Guardando al livello più generale, dal ministero della Salute affermano che «allo stato attuale delle conoscenze non sono stati evidenziati effetti nocivi sulla salute» legati all’impiego dei cellulari: «Gli unici effetti sanitari avversi delle onde a radiofrequenza ad oggi accertati sono quelli di natura termica (l’energia assorbita viene trasformata in calore all’interno dell’organismo)», ma «nel caso dei telefoni cellulari, gli studi scientifici hanno dimostrato che, anche nei tessuti più esposti (come la pelle a diretto contatto con il telefono e l’orecchio), l’aumento di temperatura non supera 1 o 2 decimi di grado centigrado neppure nelle condizioni di massima potenza, e le variazioni di temperatura all’interno del cervello sono tanto piccole da risultare praticamente non rilevabili».
Ad ogni modo, in considerazione della notevole diffusione dei cellulari e della preoccupazione di alcuni cittadini, sono stati condotti studi approfonditi attorno al sospetto che il loro uso aumenti il rischio di alcuni tumori cerebrali: nel 2011 le radiofrequenze sono state classificate dall’Agenzia internazionale per la ricerca sul cancro (Iarc) tra gli agenti per cui c’è un’evidenza tutt’altro che conclusiva che l’esposizione possa causare il cancro negli esseri umani o negli animali, ma da allora molti altri studi si sono susseguiti per fare maggiore chiarezza e sono stati passati in rassegna dal rapporto Istisan appena pubblicato.
La relazione tra uso del cellulare e incidenza di tumori nell’area della testa è stata analizzata in numerosi studi epidemiologici pubblicati nel periodo 1999-2017, e «la meta-analisi di questi studi non rileva alcun incremento del rischio di neoplasie maligne (glioma) o benigne (meningiomi, neuromi acustici, tumori dell’ipofisi o delle ghiandole salivari) in relazione all’uso prolungato (≥10 anni) del cellulare». Gli studi finora effettuati non hanno potuto analizzare gli effetti a lungo termine dell’uso del cellulare iniziato da bambini e di un’eventuale maggiore vulnerabilità a questi effetti durante l’infanzia – questi irrisolti che richiedono altri approfondimenti scientifici – ma se la validità dei risultati degli studi epidemiologici su cellulari e tumori rimane incerta anche «i numerosi studi effettuati su diversi modelli animali, nell’insieme, non mostrano evidenza di effetti cancerogeni dell’esposizione a radiofrequenze».

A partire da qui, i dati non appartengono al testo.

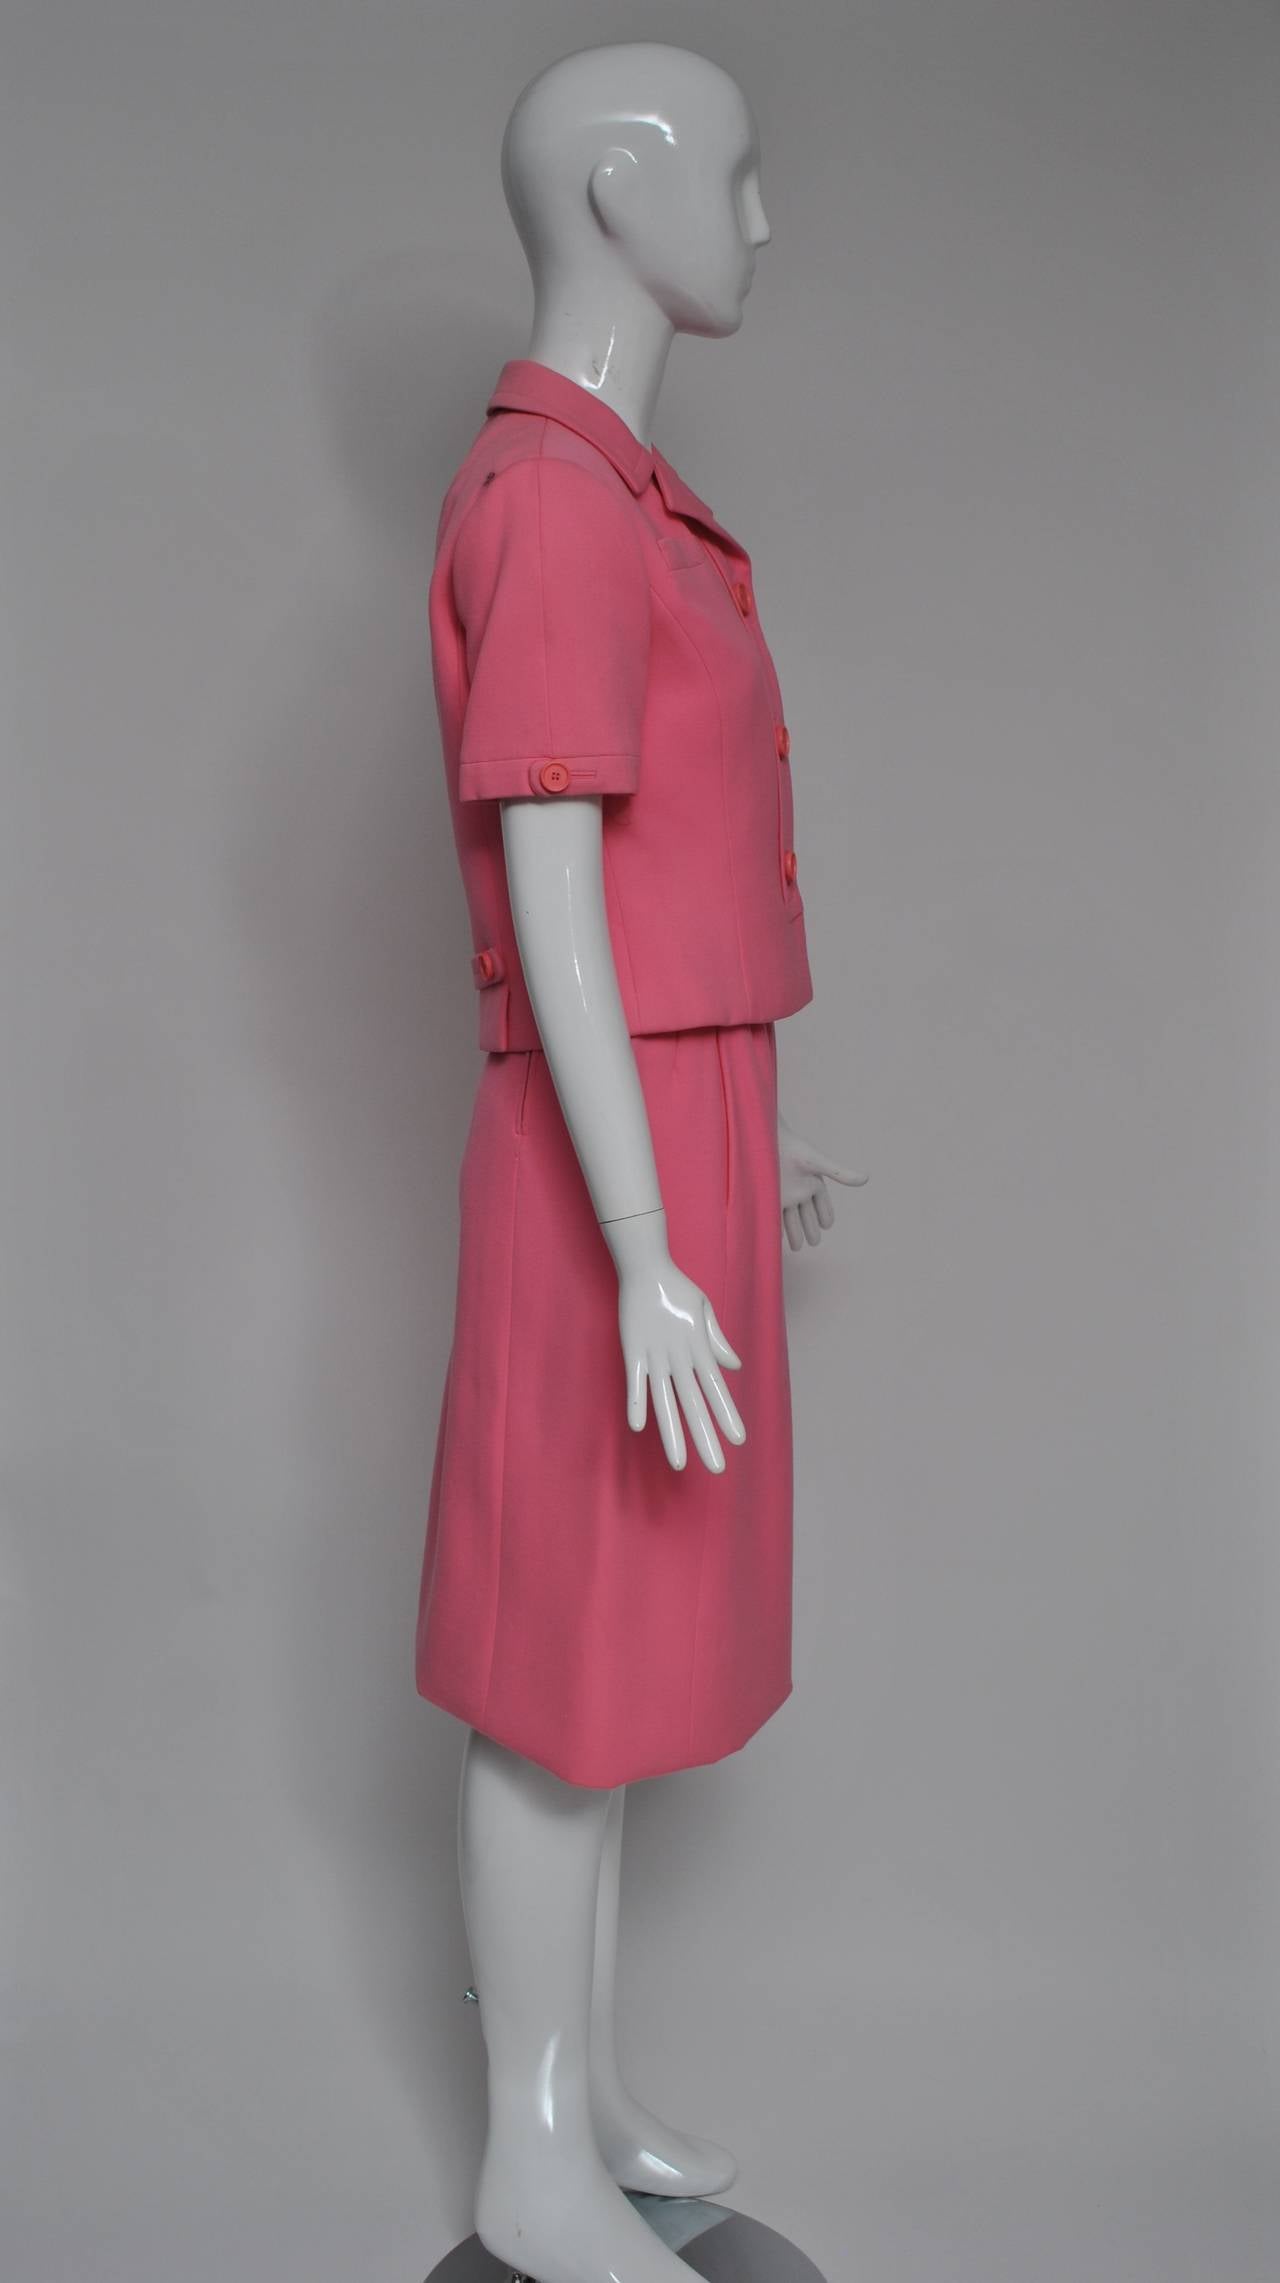 Beautifully tailored suit by Ben Zuckerman, who produced some of the best coats and suits in mid-twentieth-century America. Here is a spring suit from the 1960s in bright pink wool, the jacket with short sleeves, placket detail down the front and

Anche l’esperienza empirica suggerisce risultati di questo tipo: l’ampia diffusione dei cellulari ha comportato un notevole incremento del livello di esposizione a radiofrequenze alla testa per milioni di persone, e se il loro uso aumentasse il rischio di sviluppare tumori cerebrali, l’incidenza di queste neoplasie dovrebbe essere cresciuta nel tempo in modo sostanziale. Ma non è successo, e nel frattempo la potenza media per chiamata di un cellulare connesso ad una rete 3G o 4G è 100-500 volte inferiore a quella di un dispositivo collegato ad una rete 2G. Come negli altri 38 Paesi analizzati, anche in Italia «l’incidenza dei tumori maligni cerebrali e del sistema nervoso centrale risulta stabile sul periodo 1998-2010, sia nei maschi, sia nelle femmine».

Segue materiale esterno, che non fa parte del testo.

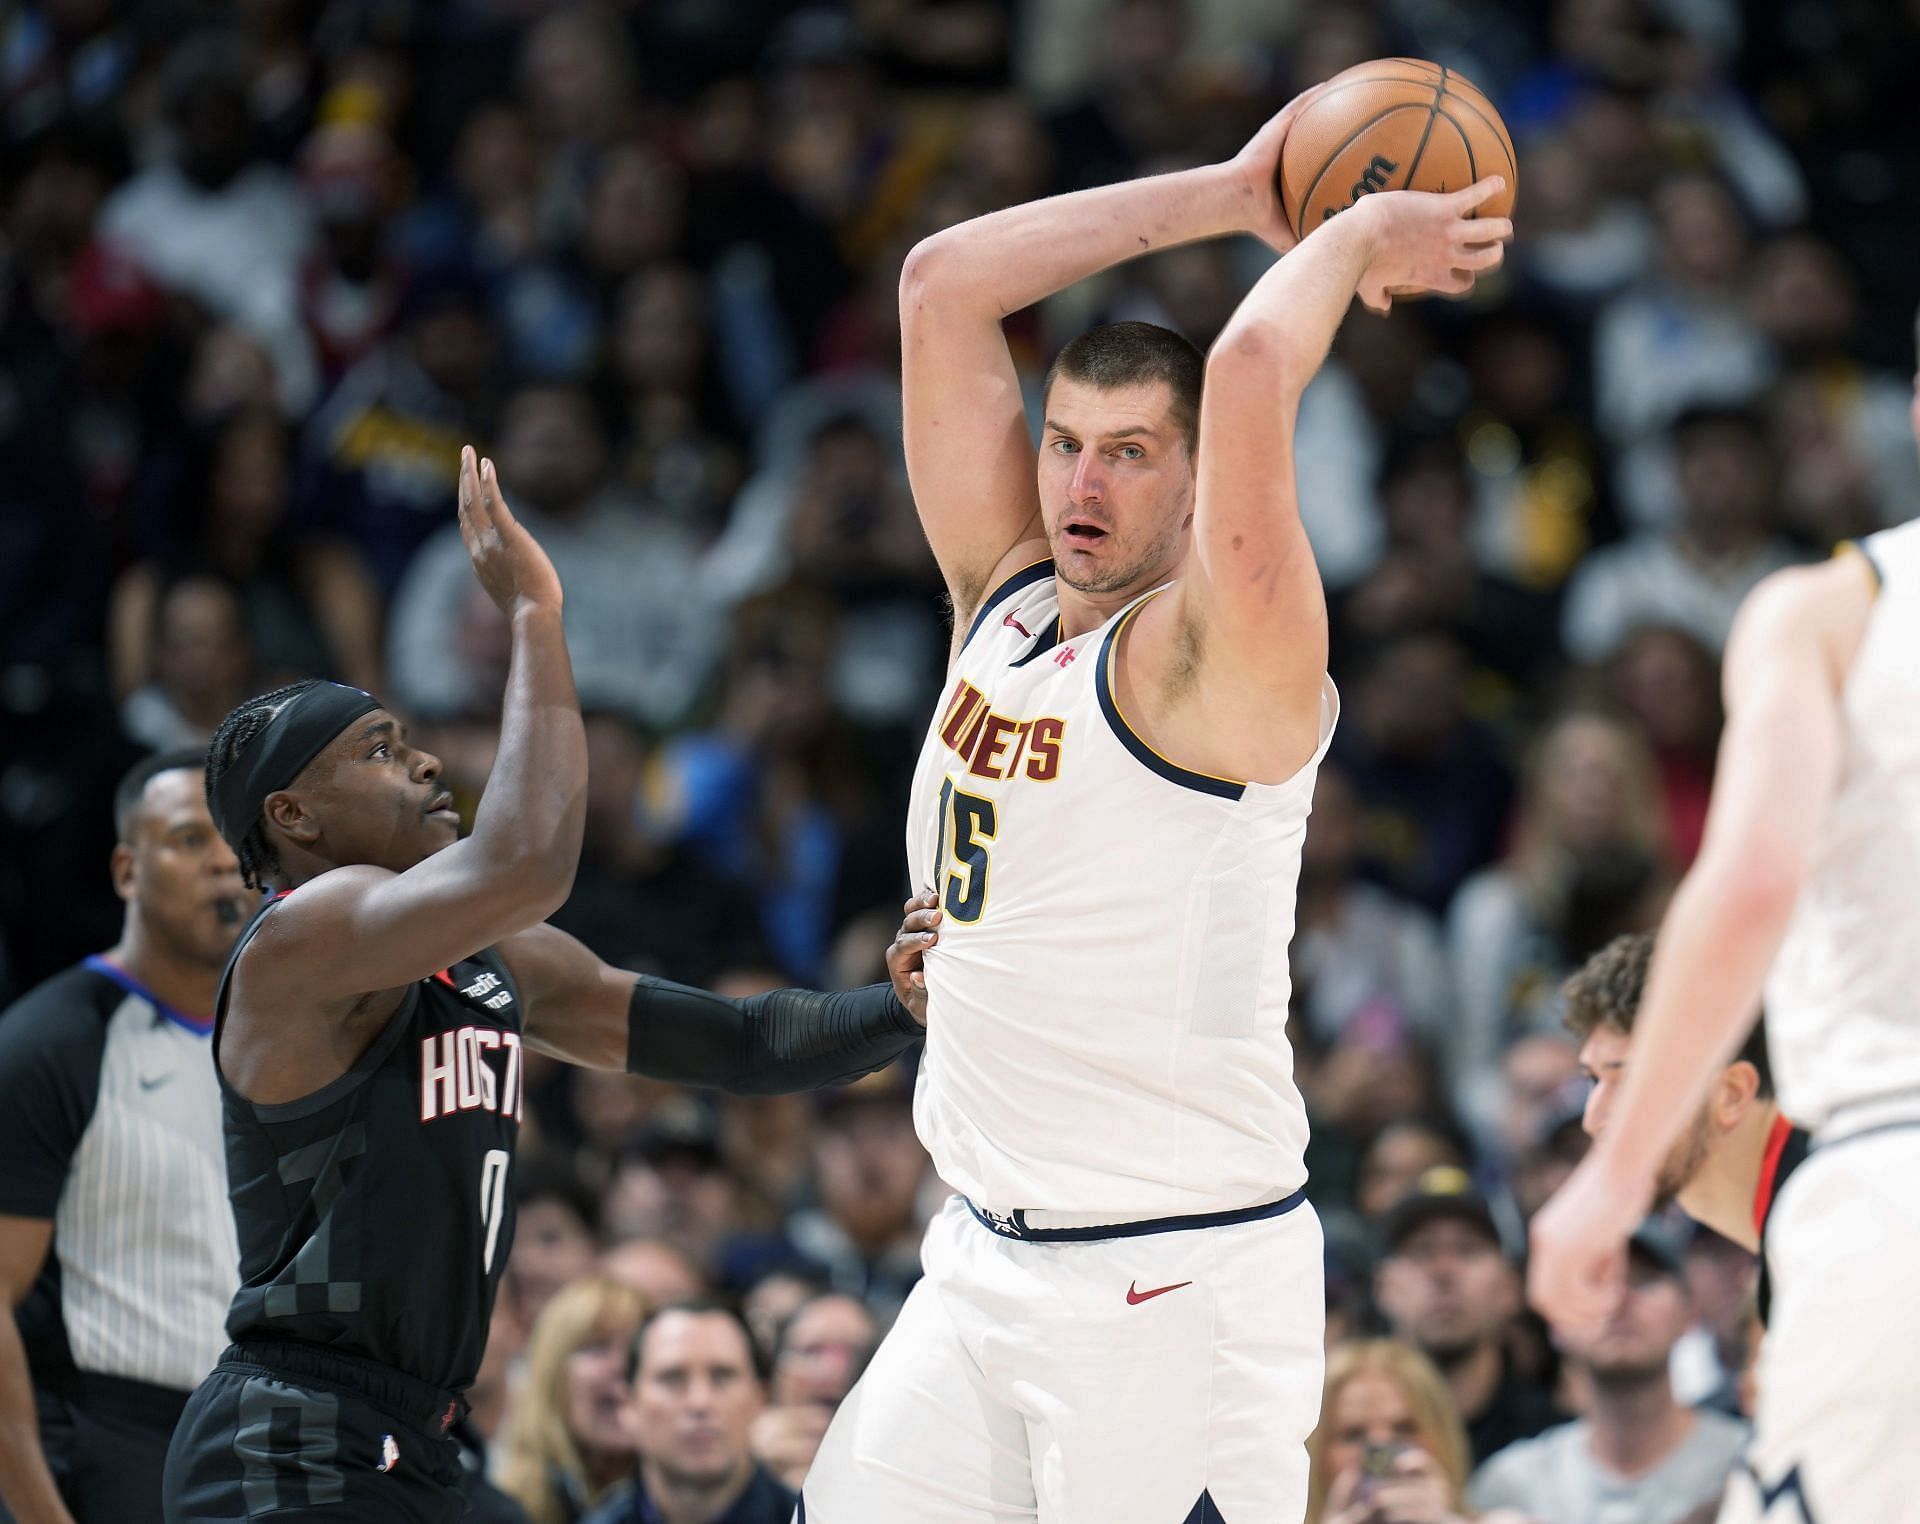 Nikola Jokic in action for the Nuggets

In conclusione «i dati ad oggi disponibili suggeriscono che l’uso comune del cellulare non sia associato all’incremento del rischio di alcun tipo di tumore cerebrale», e dal punto di vista delle implicazioni normative «le evidenze scientifiche correnti, sebbene non consentano di escludere completamente la possibilità di effetti a lungo termine dell’esposizione prolungata a bassi livelli di campi a radiofrequenza, non giustificano modifiche sostanziali all’impostazione corrente degli standard internazionali di prevenzione dei rischi per la salute».